Remember the mobile explosion of the early 2000s? Software developers had to adapt to a world in which smartphones and mobile devices had suddenly become ubiquitous. Then, as now, we were faced with a dramatically changed landscape of user behavior and technology capability. We had to rethink where, when, and how people would interact with our solutions, adjusting our approach to very different interfaces and use cases. It forced profound changes in how we think about development.

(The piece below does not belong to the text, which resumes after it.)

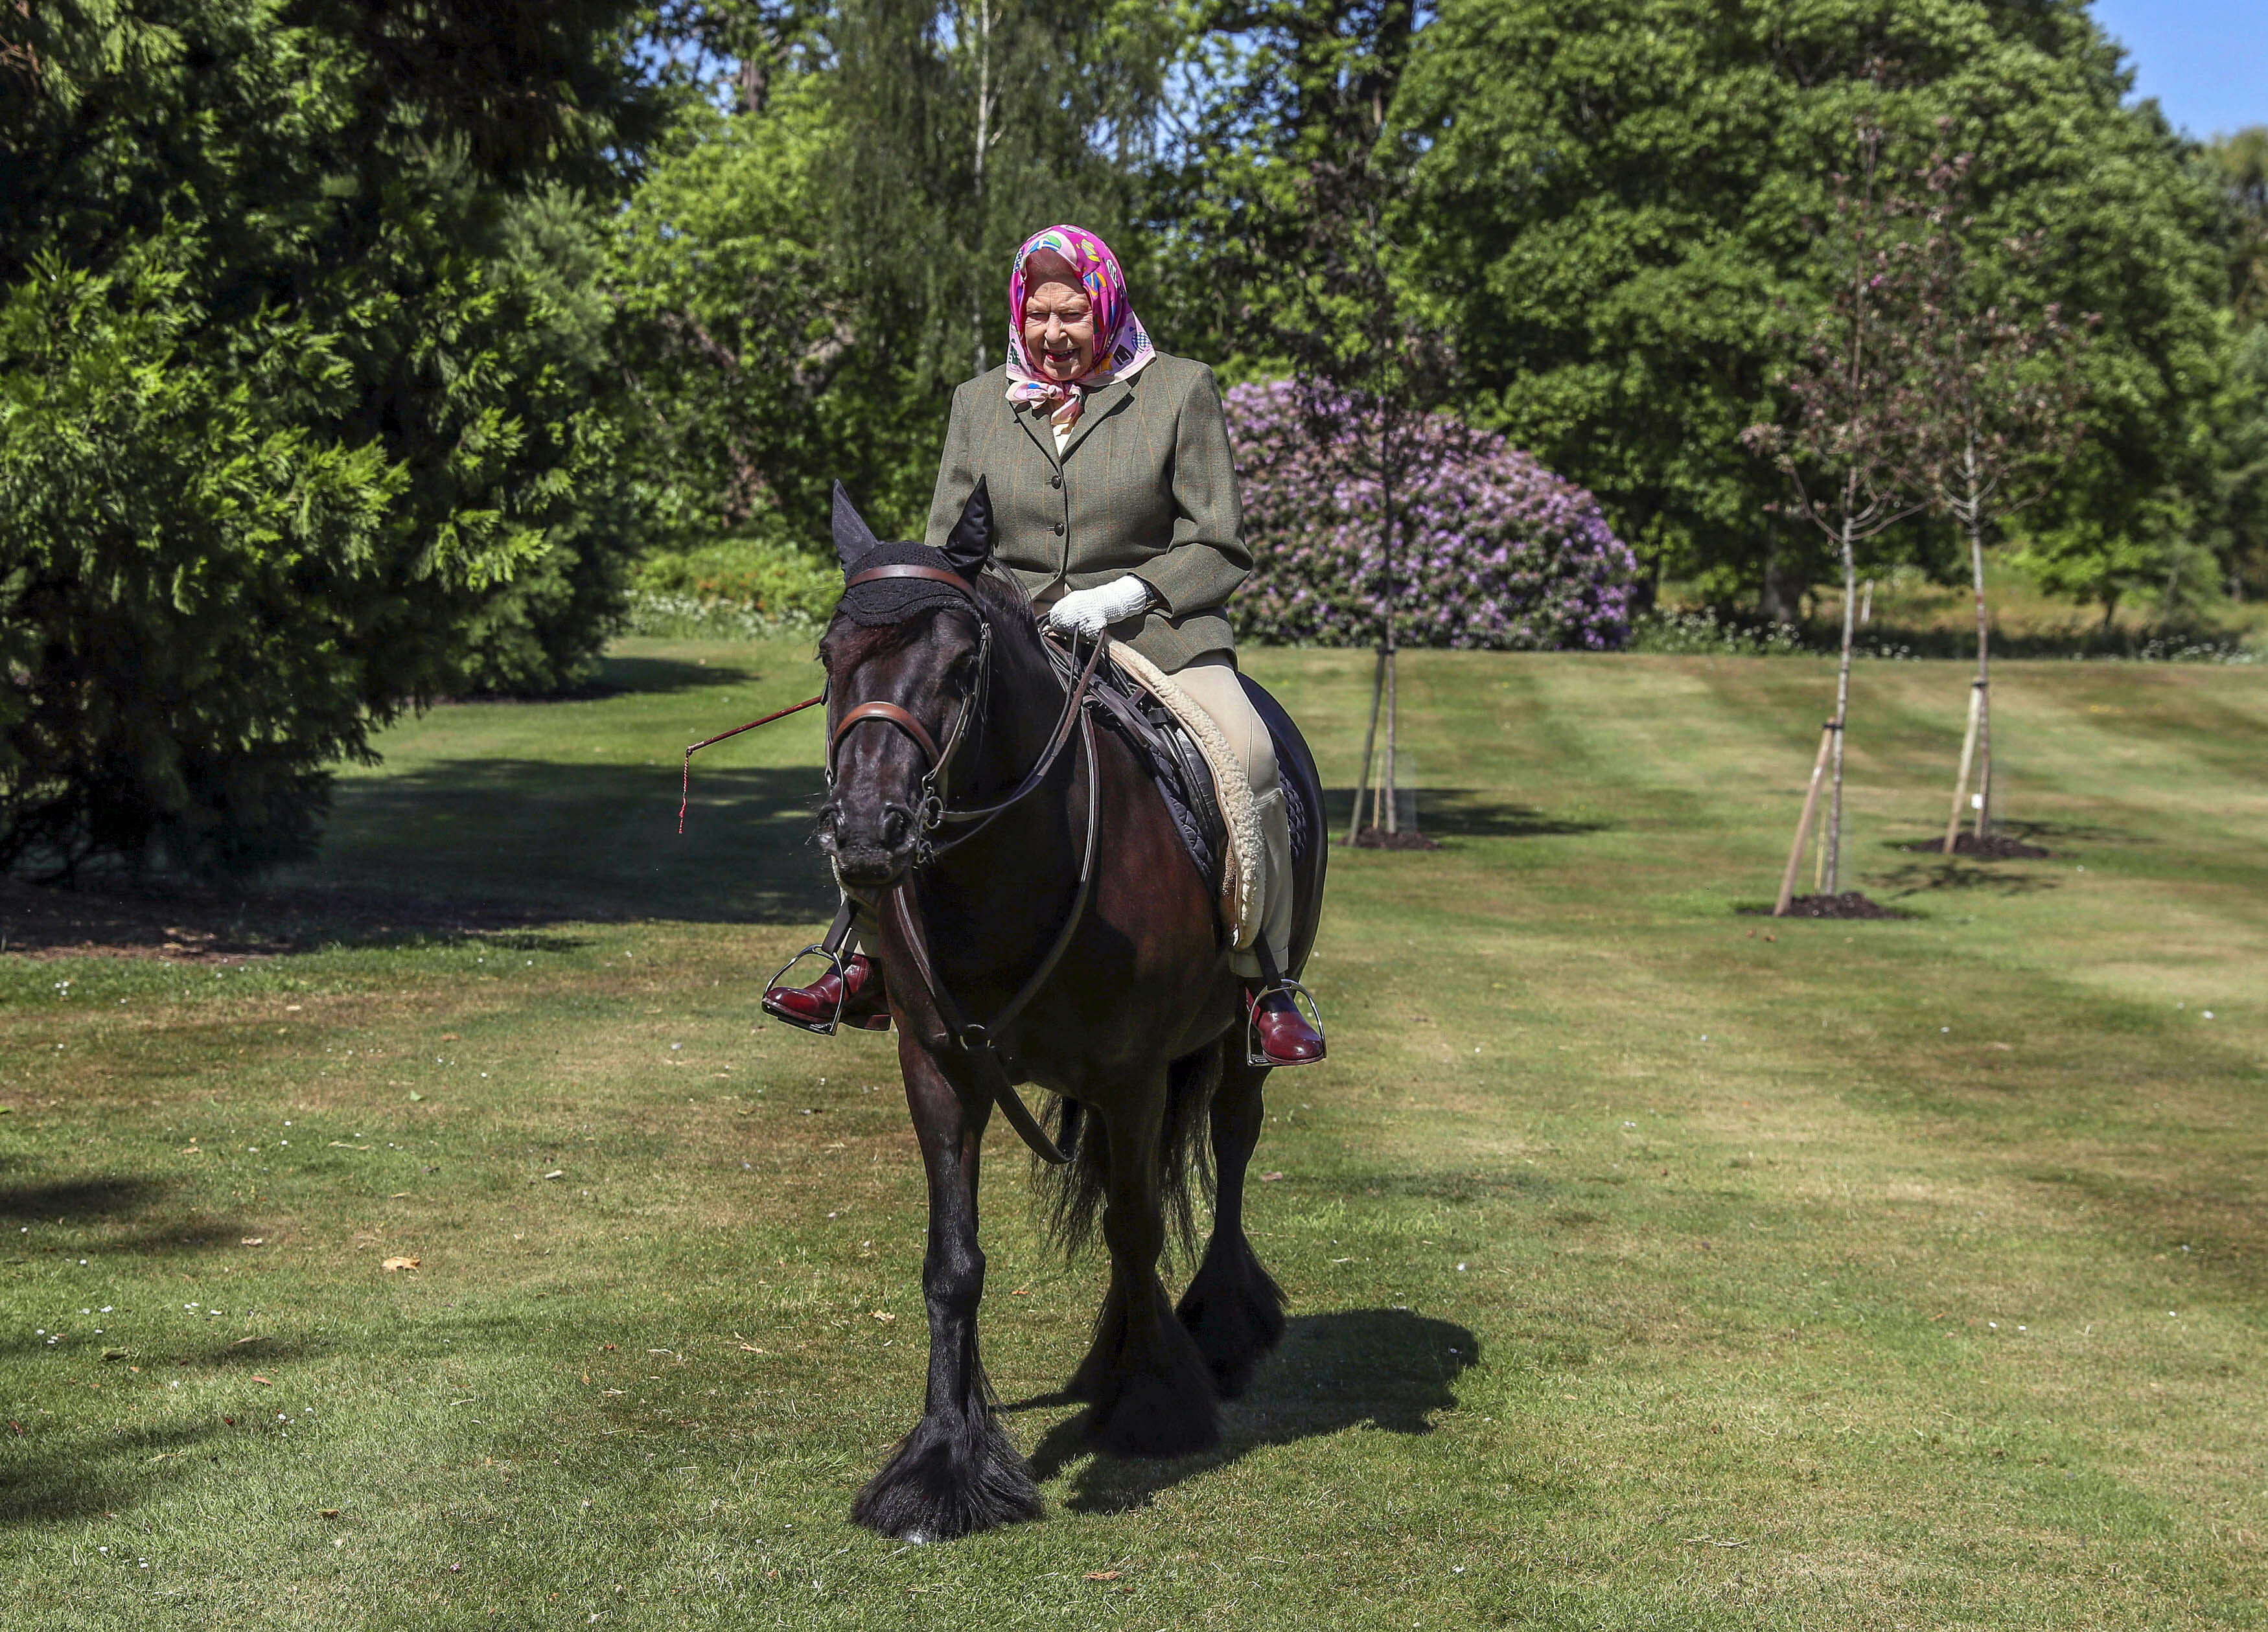 In this photo released Sunday May 31, 2020, Britain's Queen Elizabeth II rides Balmoral Fern, a 14-year-old Fell Pony, in Windsor Home Park over the weekend at the end of May, in Windsor, England. The Queen has been in residence at Windsor Castle during the COVID-19 AP/PTI Photo

AI will be even more disruptive… and just as permanent. This is no wave, no trend. Even in these early days, it is clear that AI must change how we operate, collaborate, and innovate. This is the new reality, and the sooner you come to terms with it the sooner you can maximize your solutions and your people.

So we need to change… but how?  What do you need to understand about AI to be effective, and how should you shift your approach to leading and guiding your team?

Rethink your development priorities.

The first and most core dimension of change: AI changes what we should be working on. It completely changes what is possible and practical. You need to bring a completely new lens to how you set priorities.

In many cases, things that were hard or outright impossible are now feasible. In some cases, these previously immense challenges have become almost easy. This not only changes what projects are possible, it also forces us to reconsider existing investments and practices.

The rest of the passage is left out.